EXERCISE
Transcribe the listing that follows in full, exactly, and drop its images.
──────── SUPPLIED MATERIAL
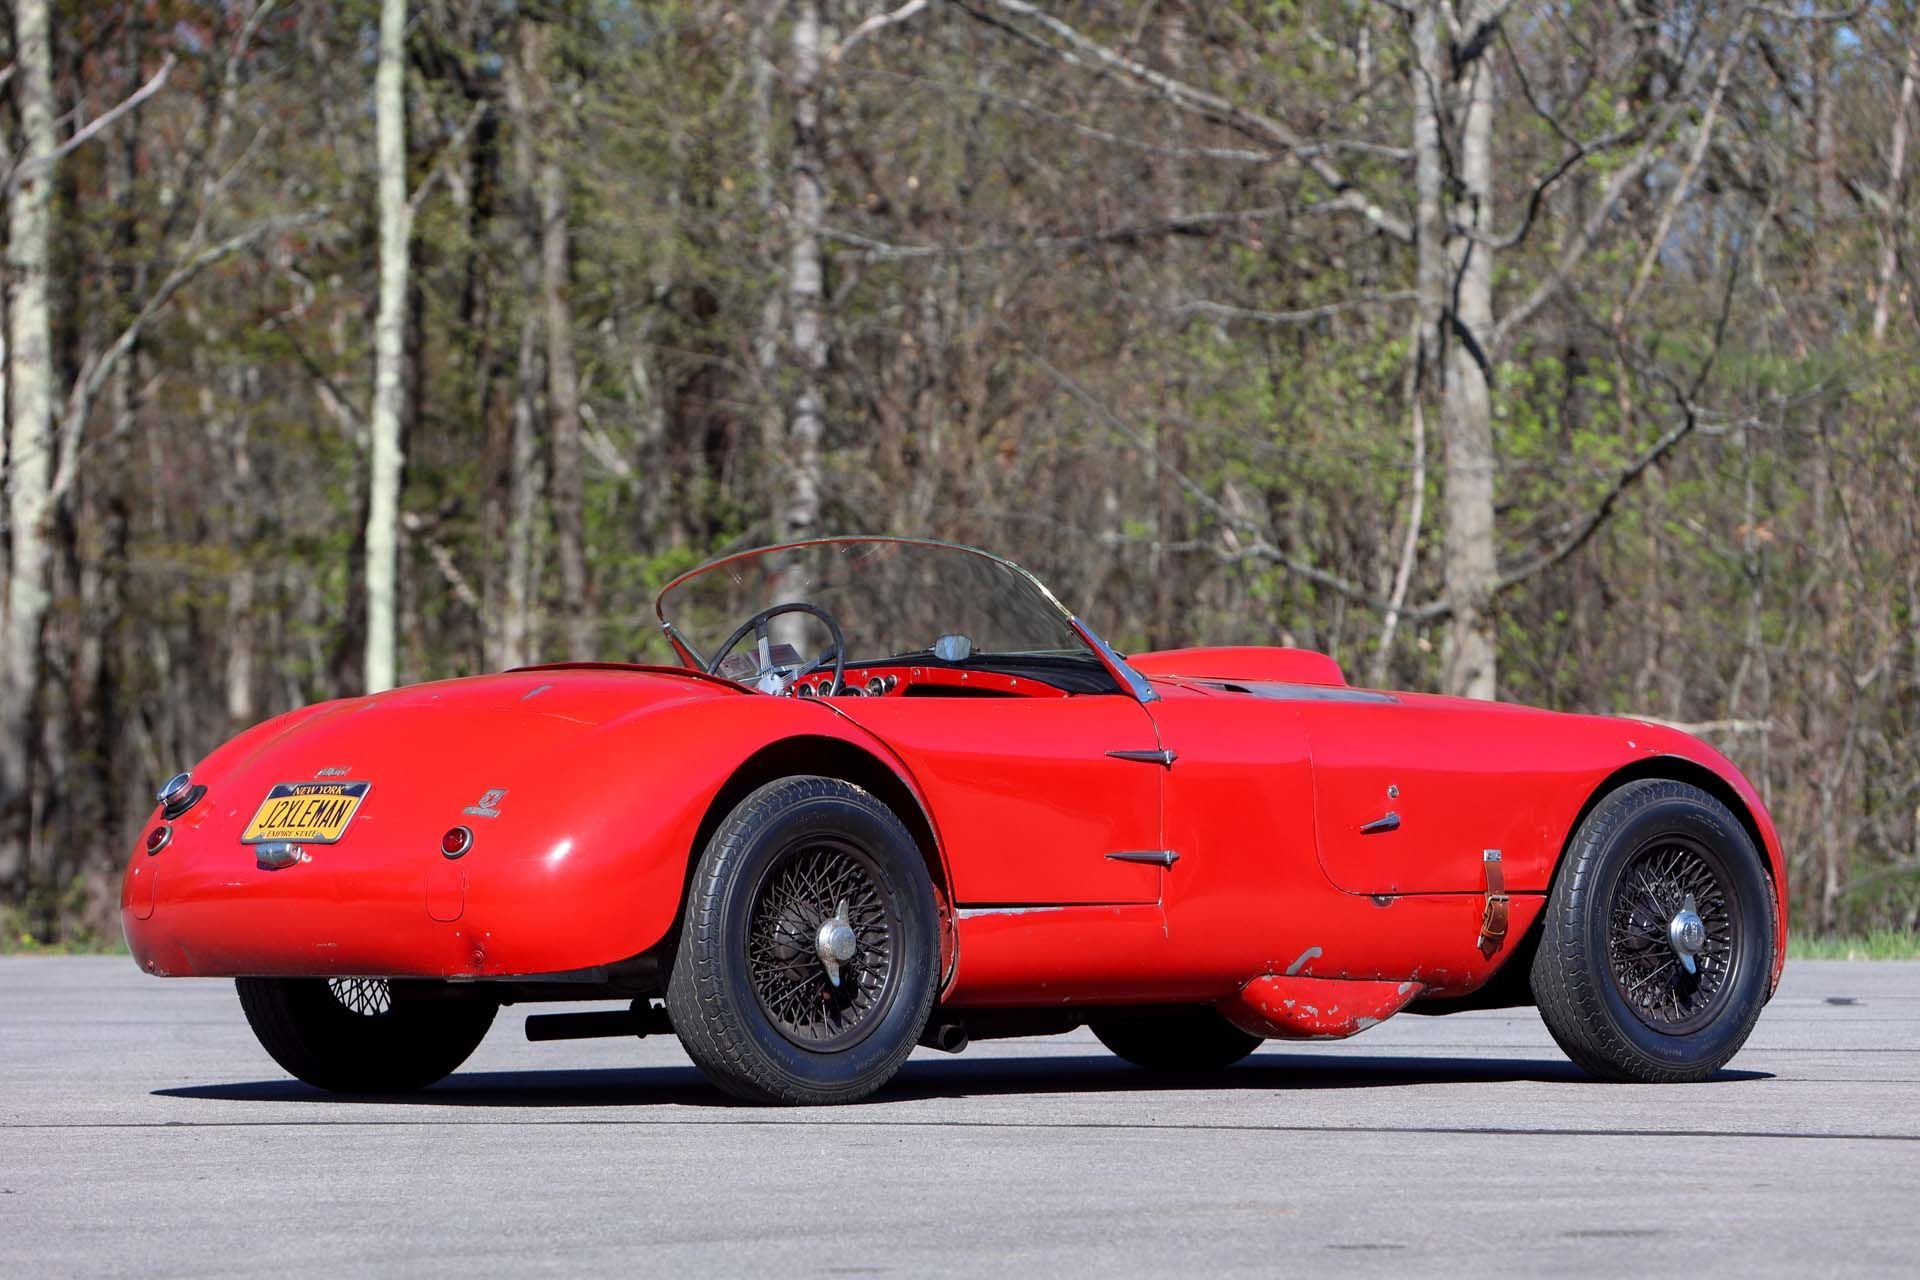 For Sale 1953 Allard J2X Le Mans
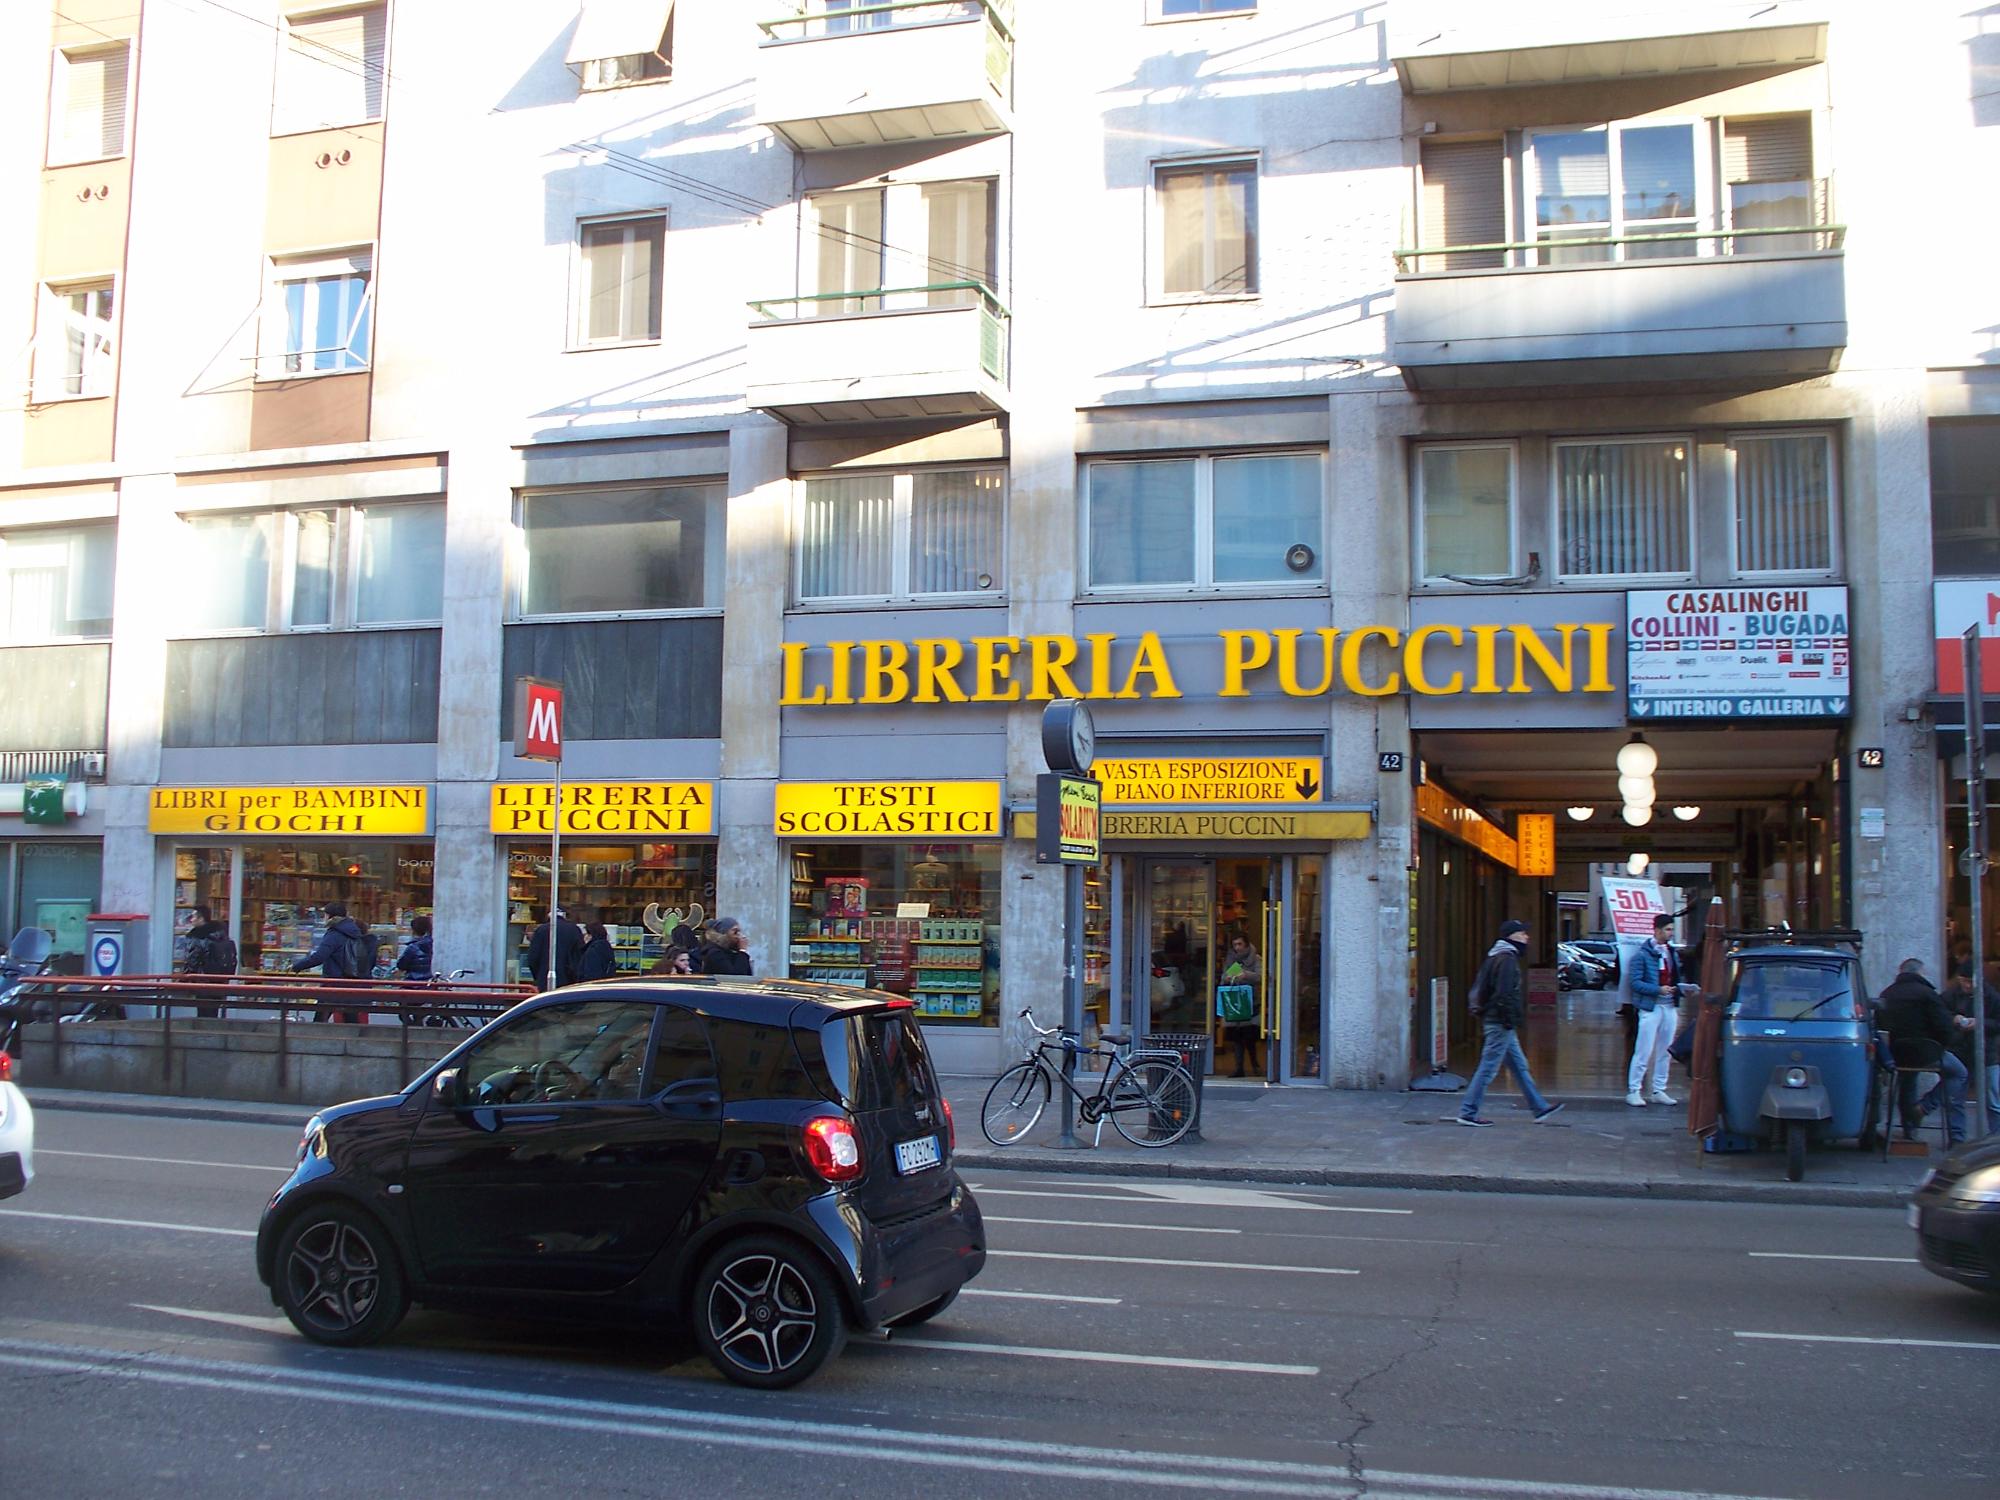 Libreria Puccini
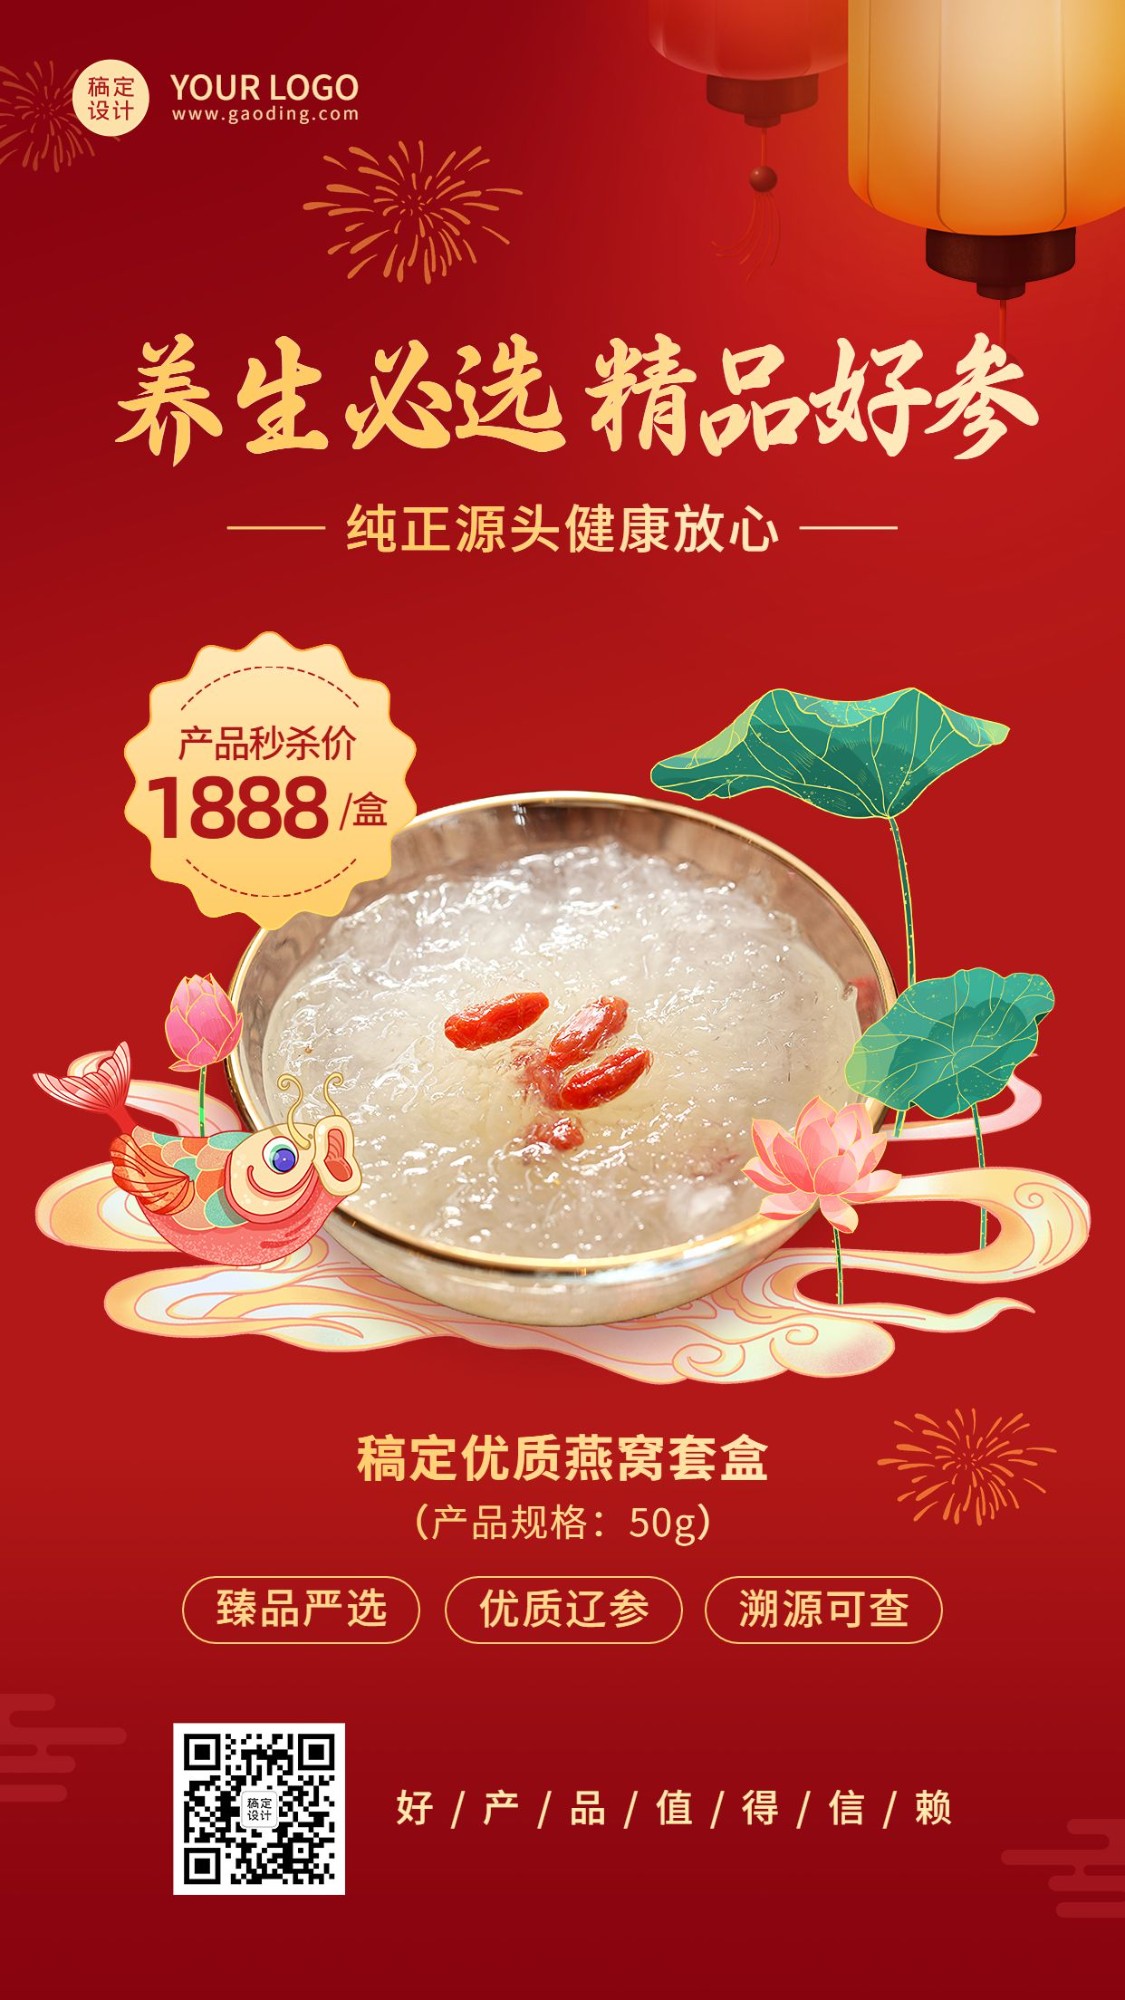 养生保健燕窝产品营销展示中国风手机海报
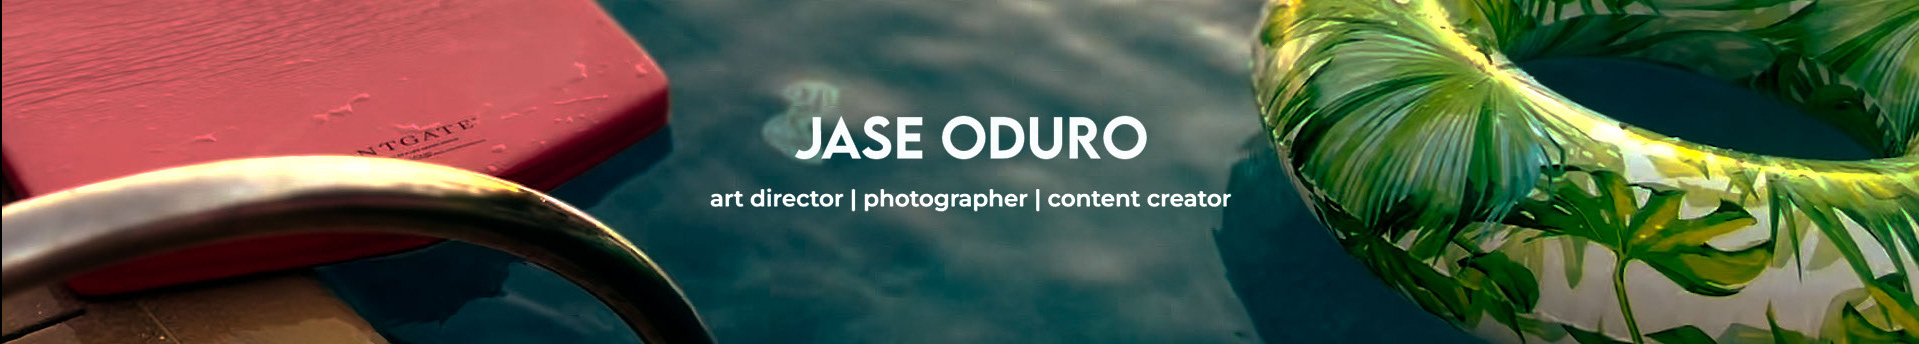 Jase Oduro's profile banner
────────────────
TASK OUTPUT
 For Sale 1953 Allard J2X Le Mans
 Libreria Puccini
 养生保健燕窝产品营销展示中国风手机海报
 Jase Oduro's profile banner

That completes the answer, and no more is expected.